Good morning from the City AM liveblog team.
Yesterday, the Bank of England cut rates in a 5-4 decision with Governor Andrew Bailey playing decider.
Policymakers at the Bank said the crunch decision weighed up contractions in the jobs market, which could lower inflation levels, and high inflation expectations of around 4 per cent among households in recent months, which would have the adverse effect.
But it came amid a split decision of hawks and doves, who are divided over the Bank’s monetary direction.
Swati Dhingra and Alan Taylor struck out at the hawks with the former the bank rate should have already been lower to account for “lags” in its transmission to the real economy.
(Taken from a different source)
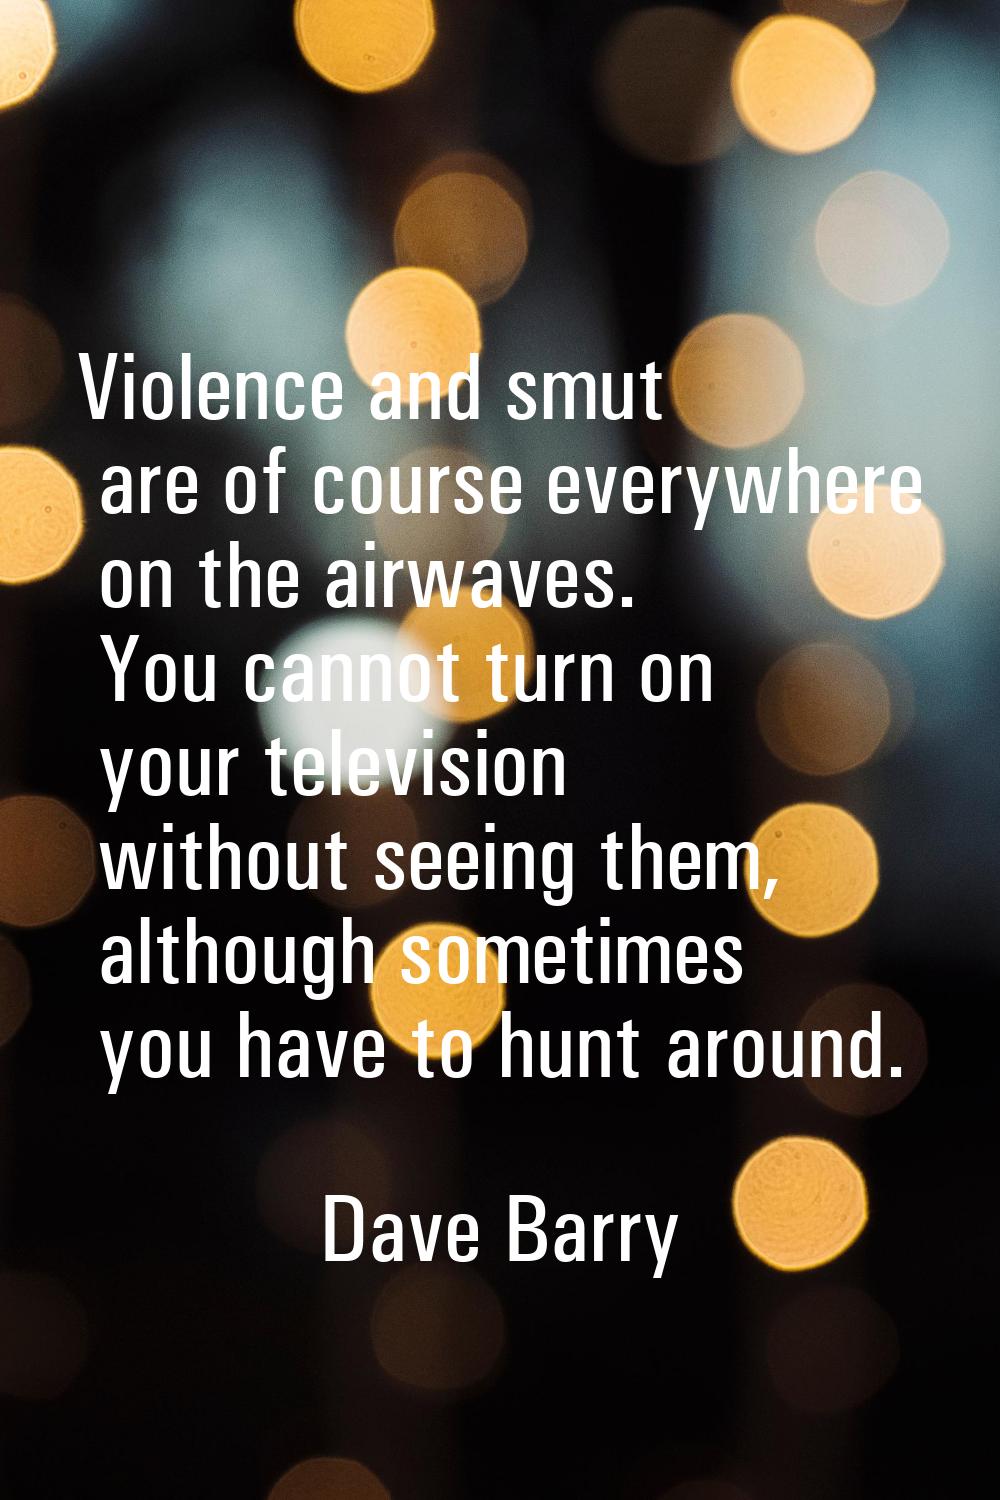 Violence and smut are of course everywhere on the airwaves. You cannot turn on your television with

However, Bailey played it cautious, stating: “Rather than cutting Bank Rate now, I would prefer to wait and see if the durability in disinflation is confirmed in upcoming economic developments this year.”
The FTSE 100 jumped as it digested the news but failed to make it out of the red, ending the session on a 0.42 per cent slump.
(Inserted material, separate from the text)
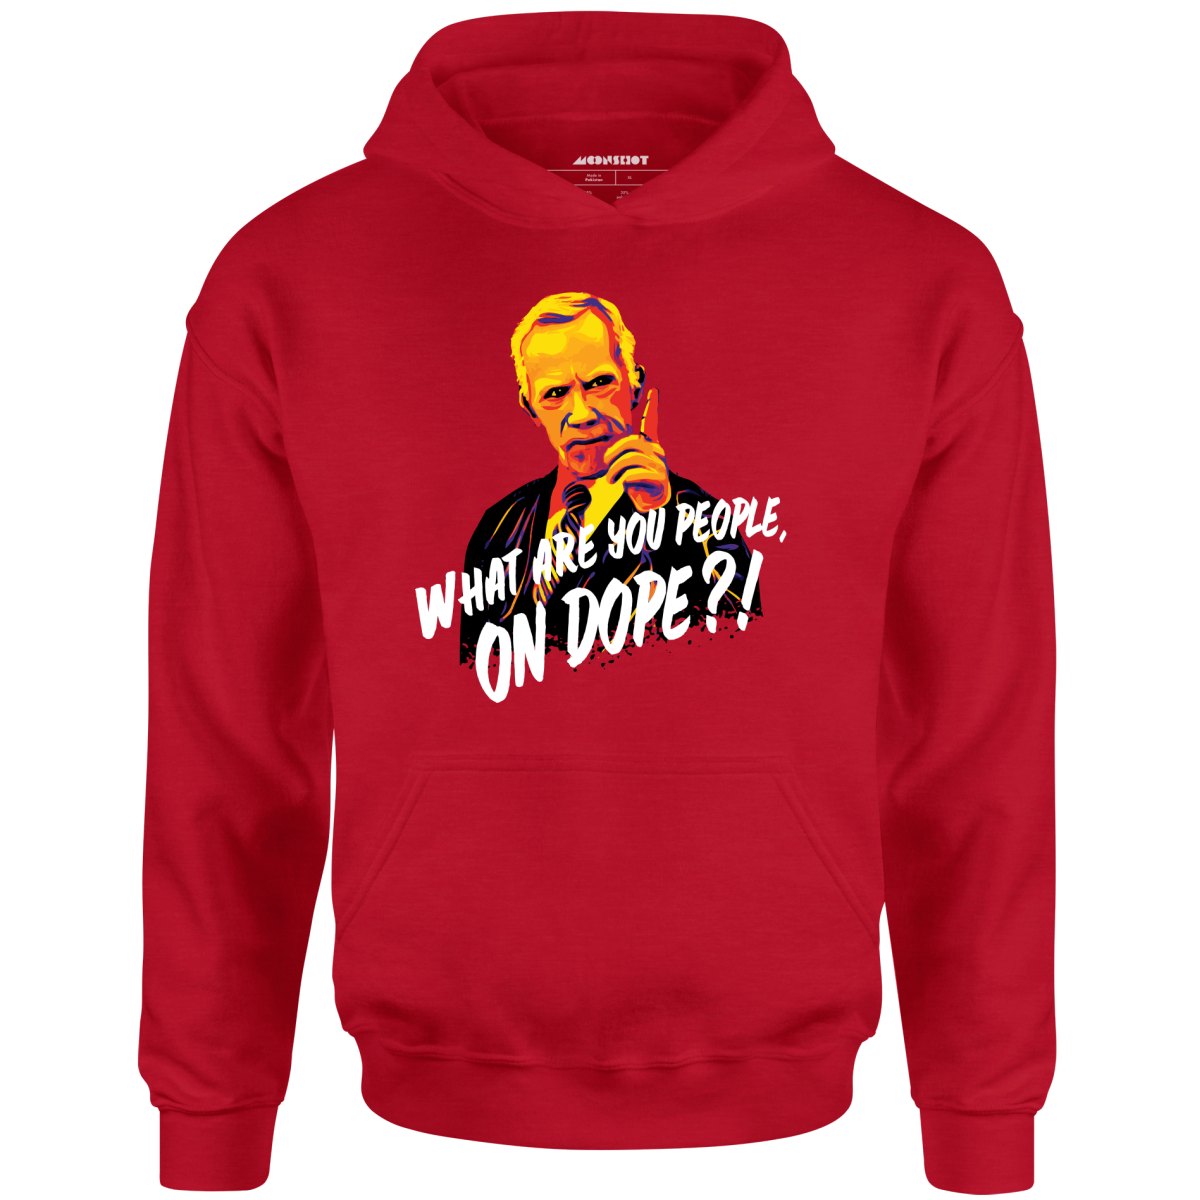 Mr. Hand - What Are You People, On Dope? - Unisex Hoodie

It was a good day for bank shares though, after rumours of a tax on the sector appeared to be squashed.
It follows fierce lobbying from bankers with the industry body warning London lender’s total tax rate rose 0.6 per cent to 46.4 per cent in 2025.
This dwarfed that of overseas rivals and has spiked concerns about the City’s attractiveness on the global stage. In New York, the tax rate remained unchanged year-on-year at 27.9 per cent, almost two-thirds below that in London.
Natwest closed the day up 2.11 per cent to 600.83p, whilst Lloyds was up 1.5 per cent to 90.94p.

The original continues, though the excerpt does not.